# Tofu How to.....



## -DEADLY SUSHI- (Mar 14, 2004)

Can anyone explain the proper way to cook tofu for a stir fry? It seems that I always burn it. Or it just crumbles in my stir fry and looks like crumbled feta cheese. I want the stuff to stay in cube form and suck up the flavor of the food & spices. The last time I tried, it was a large gloppy mess.  :?


----------



## ironchef (Mar 15, 2004)

first of all you need to drain your tofu. cut the tofu into 1" thick slabs, and place them between folded paper towels. using something as a weight (a plastic container filled with water works well), place the weight on the tofu, and let the tofu drain out it's liquid. you may have to change the paper towels a couple of times. cut the tofu into 1" cubes, and lightly dust with corn starch. deep fry the tofu until golden brown, then toss with your stir fry. in essence, you need to cook your tofu seperately. the coating on the tofu will soak up the sauce when you toss it, and the tofu will stay firm and hold it's shape


----------



## -DEADLY SUSHI- (Mar 15, 2004)

Ahhhhhhhhhhhh!    Thanks! But if I deep fry the tofu.. it wont be healthy anymore. Is there another way besides deep frying?


----------



## Tarquin (Mar 18, 2004)

I usually cut the tofu in small cubes after rinsing it and throw it right into the wok. I think it might depend on what kind of tofu you use. The kind I use is organic and pretty firm. Some other kinds of tofu i've tried are very gel-like and slippery (such as silken)


----------



## taintedflood (May 5, 2004)

I'm with ironchef on the draining, but I don't deep fry mine. I do, however, freeze and thaw it before using. It changes the consistency of the tofu and gives it a firmer, "meatier" texture. Also, I only use firm tofu packed in water, not the silken kind that can be stored at room temp.


----------



## -DEADLY SUSHI- (May 5, 2004)

Cool beans! Thanks Flood.    So ..... you freeze it 1st huh? Interesting. I shall try it out. I have a block of firm stuff sittin' in the refrig. 
I'll throw it in. How much texture change should I see??


----------



## starrleicht (Jun 8, 2004)

Here's a couple articles on tofu that might help:

TOFU TALK:
http://www.fitnessandfreebies.com/food/tofu.html


Tofu Takes on Tempting Flavors
http://www.fitnessandfreebies.com/food/articles/tofu2.html


----------



## -DEADLY SUSHI- (Jun 8, 2004)

Thanks Starr! 
it says: Baked tofu comes marinated with ethnic flavors and can be used on sandwiches or crumbled in tacos, enchiladas, on pizza, in lasagna. It can also be sliced and eaten on sandwiches. 

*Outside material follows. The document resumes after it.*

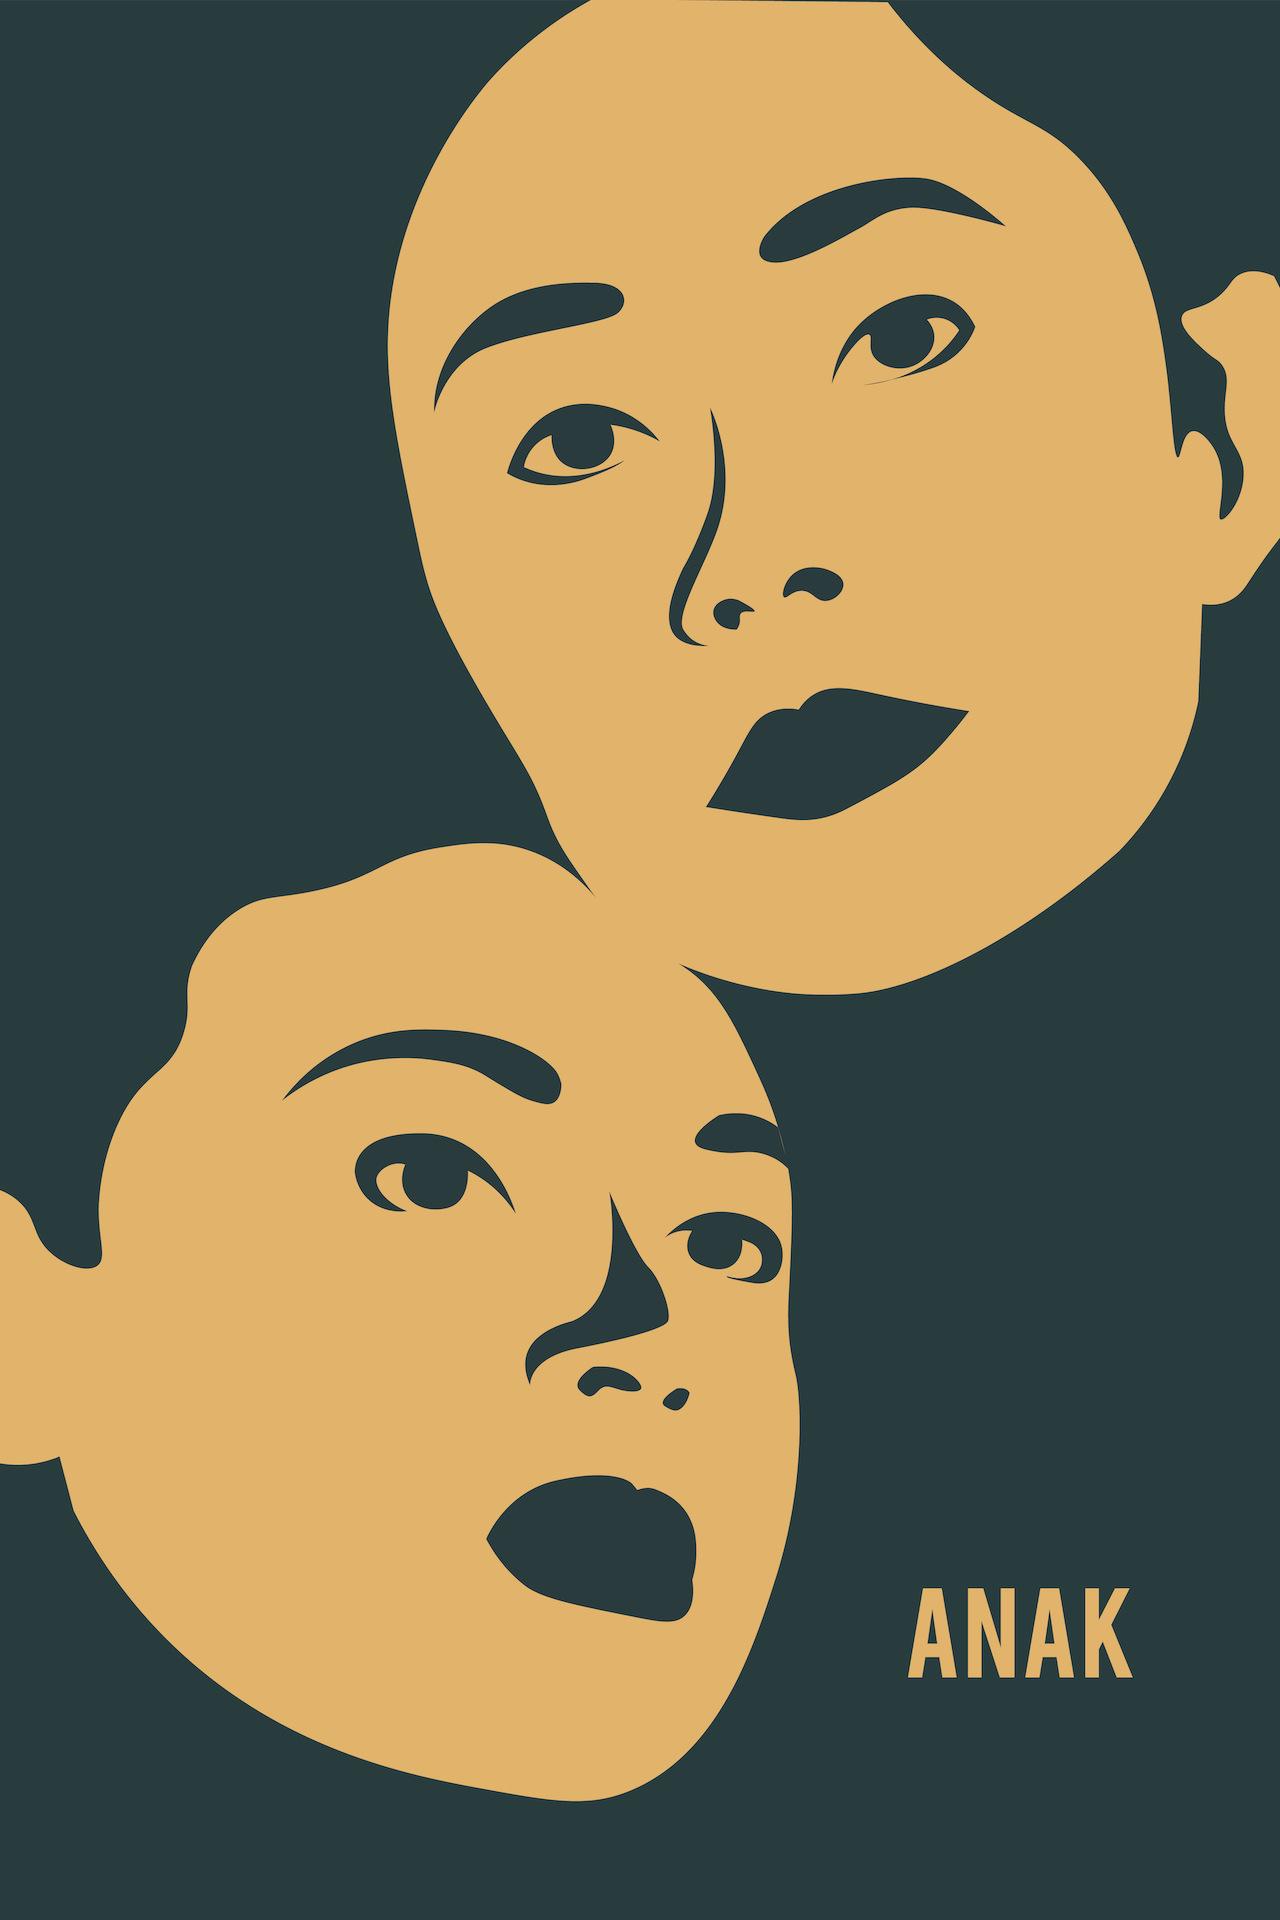 Anak starring Vilma Santos,  illustration by Isabela Ferrer

This gives me some ideas. I should really eat more of the stuff.


----------



## htc (Sep 23, 2004)

*Try this...*

Not sure if this is a Chinese or Vietnamese dish (since I'm ethnically Chinese, but born in Vietname, everything eventually blends together)....anyways...

Get a block of firm (or extra firm) tofu and cut the block of tofu in half and then cut it into half again, making 4 even squares.  Use a towel to dry off any excess water. Take 1 square and partially butterfly the tofu (make sure not to cut it all the way).  Once this is done take ground meat (I prefer chicken or shrimp) and stuff it into the middle.  Then pan fry the tofu on all sides to make sure it is brown and the meat is cooked.  Then add some fresh quartered tomatoes and some tomato sauce and salt/pepper.  I always enjoy this dish when my mom makes it, if it's too plain for you, play around and add spices you like.


----------



## Yakuta (Sep 24, 2004)

Are you against frying at all Deadlysushi or can you pan fry.  

You can use firm tofu and pan fry it in a little cornstarch egg mixture (just lightly coat and place it in a single layer to pan fry with 2 tbsp of oil).  Once it gets a little color drain on a paper towel.  This will firm it up without making it super oily.  

I then add it to veggies along with sauces of  my choice.  

I have also seen Tyler coat Tofu in panko (Japanese breadcrumbs) and pan fry it and then serve it with a spicy soup.  

The possibilities are endless.  I would highly recommend pan frying if you want the tofu from falling apart.


----------



## homecook500 (Jan 31, 2005)

Not sure if anyone mentioned this, but make sure to get extra firm tofu for stir fry.

I tried baking  tofu once.  It worked but was not as crispy.  Maybe broiling?


----------



## amber (Feb 5, 2005)

I've used just a bit of canolla oil (healthy oil), in a saute pan until brown and slightly crisp, then throw it into my stir fry.  (drain the tofu first and pat dry).


----------